Commenting on his appointment, Professor Richards said: “As a clinical pharmacologist, I have been fortunate to work across a broad range of therapeutic areas over the years. I am excited by the breadth and depth of expertise within the Department of Medicine and look forward to working with the first-class scientific team. My goal is to work with the Department team, the Clinical School, and hospitals to maximise the impact of the important work taking place in Cambridge.”

Members of the department’s leadership team are looking forward to the continued development of the department under Professor Richards, building on its legacy of collaboration and groundbreaking translational research to drive our future success.

Professor Mark Wills, Interim Head of Department of Medicine, said: “Duncan brings to his new role a fantastic breadth of experience, which encompasses his clinical speciality in pharmacology, extensive experience of working within the pharmaceutical industry R&D at senior levels and most recently establishing academic clinical trials units and human challenge research facilities.

“I am very excited to welcome Duncan to the Department and looking forward to working with him, as he takes on the role of delivering of the Department of Medicine’s vision to increase the efficacy of translation of its world class fundamental research, and its impact upon clinical practice and patient wellbeing.”
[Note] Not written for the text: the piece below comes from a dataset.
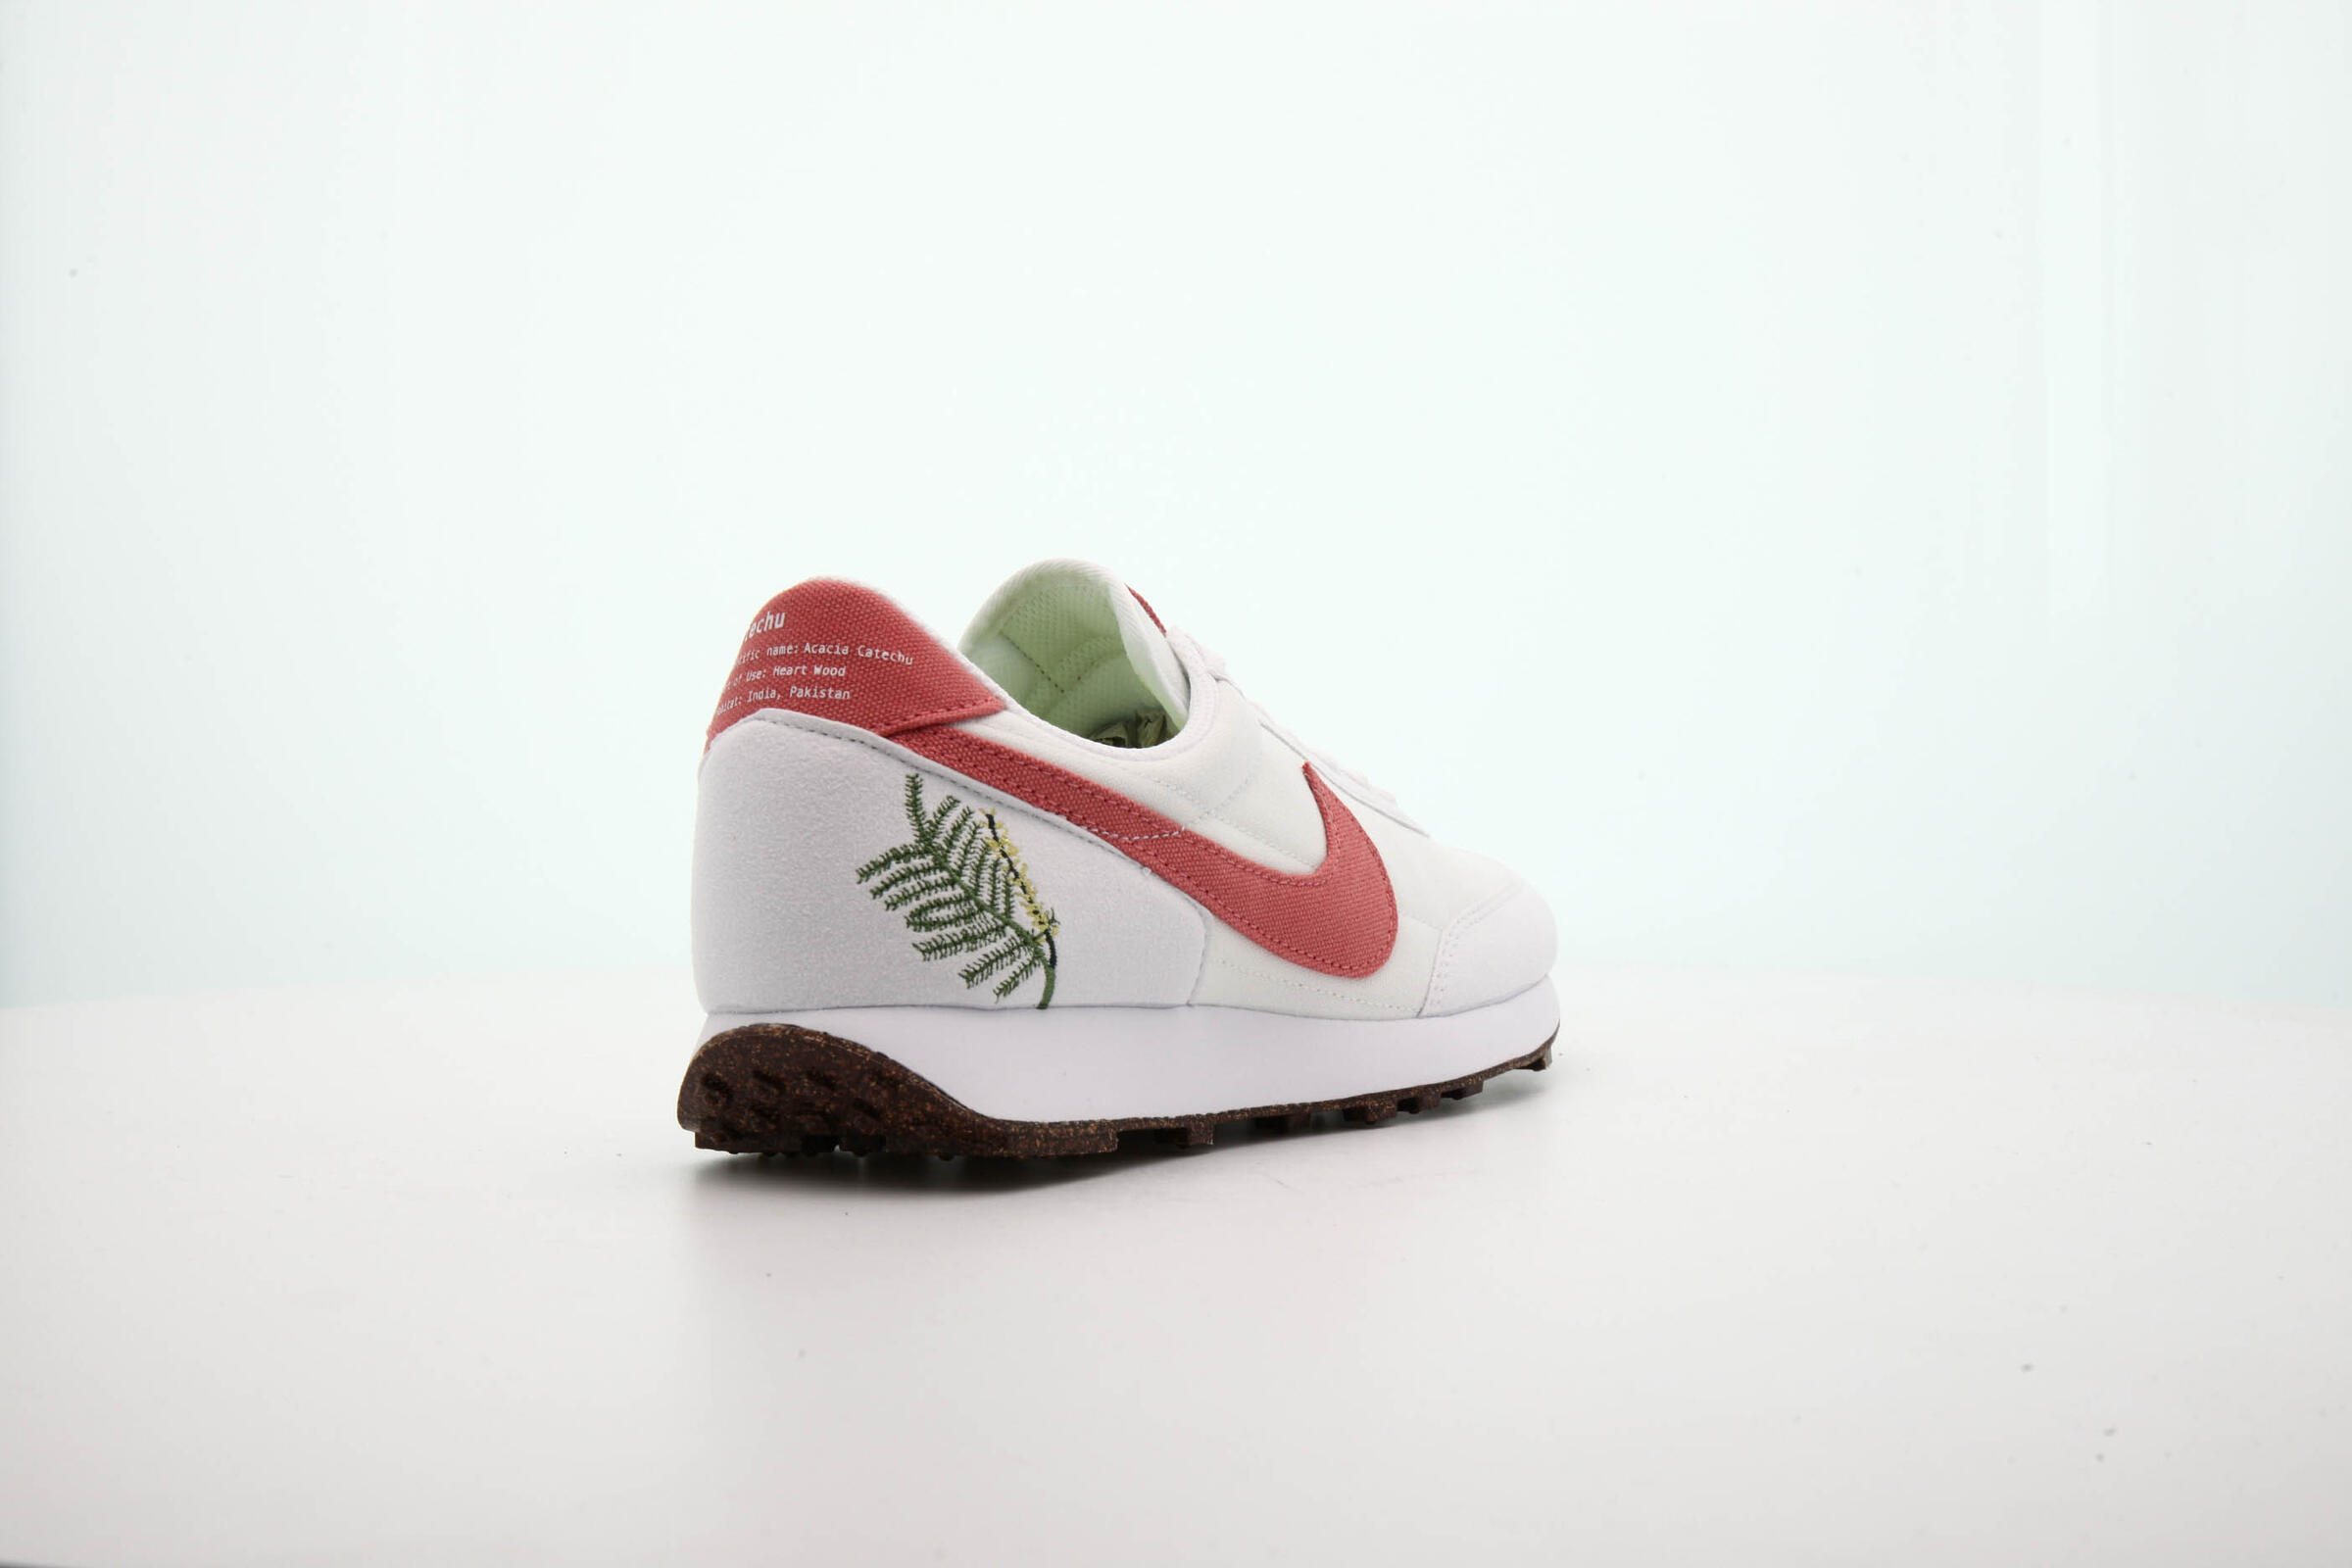 Nike WMNS DBREAK SE "PLANT CORK PACK"

Menna Clatworthy, Professor of Translational Immunology and Director of the Cambridge Institute for Therapeutic Immunology and Infectious Disease (CITIID), said: "Duncan has a wealth of leadership experience in biomedicine, in both academia and pharma. That skillset will be invaluable in ensuring the Department of Medicine continues to deliver world-leading research to transform patient outcomes."

Charlotte Summers, Professor of Intensive Care Medicine and Director of the Victor Phillip Dahdaleh Heart & Lung Research Institute, said: “Duncan’s exemplary track record of translating fundamental scientific discoveries into therapies that benefit patients will help us further increase the impact of our research as we continue our mission to improve human health.”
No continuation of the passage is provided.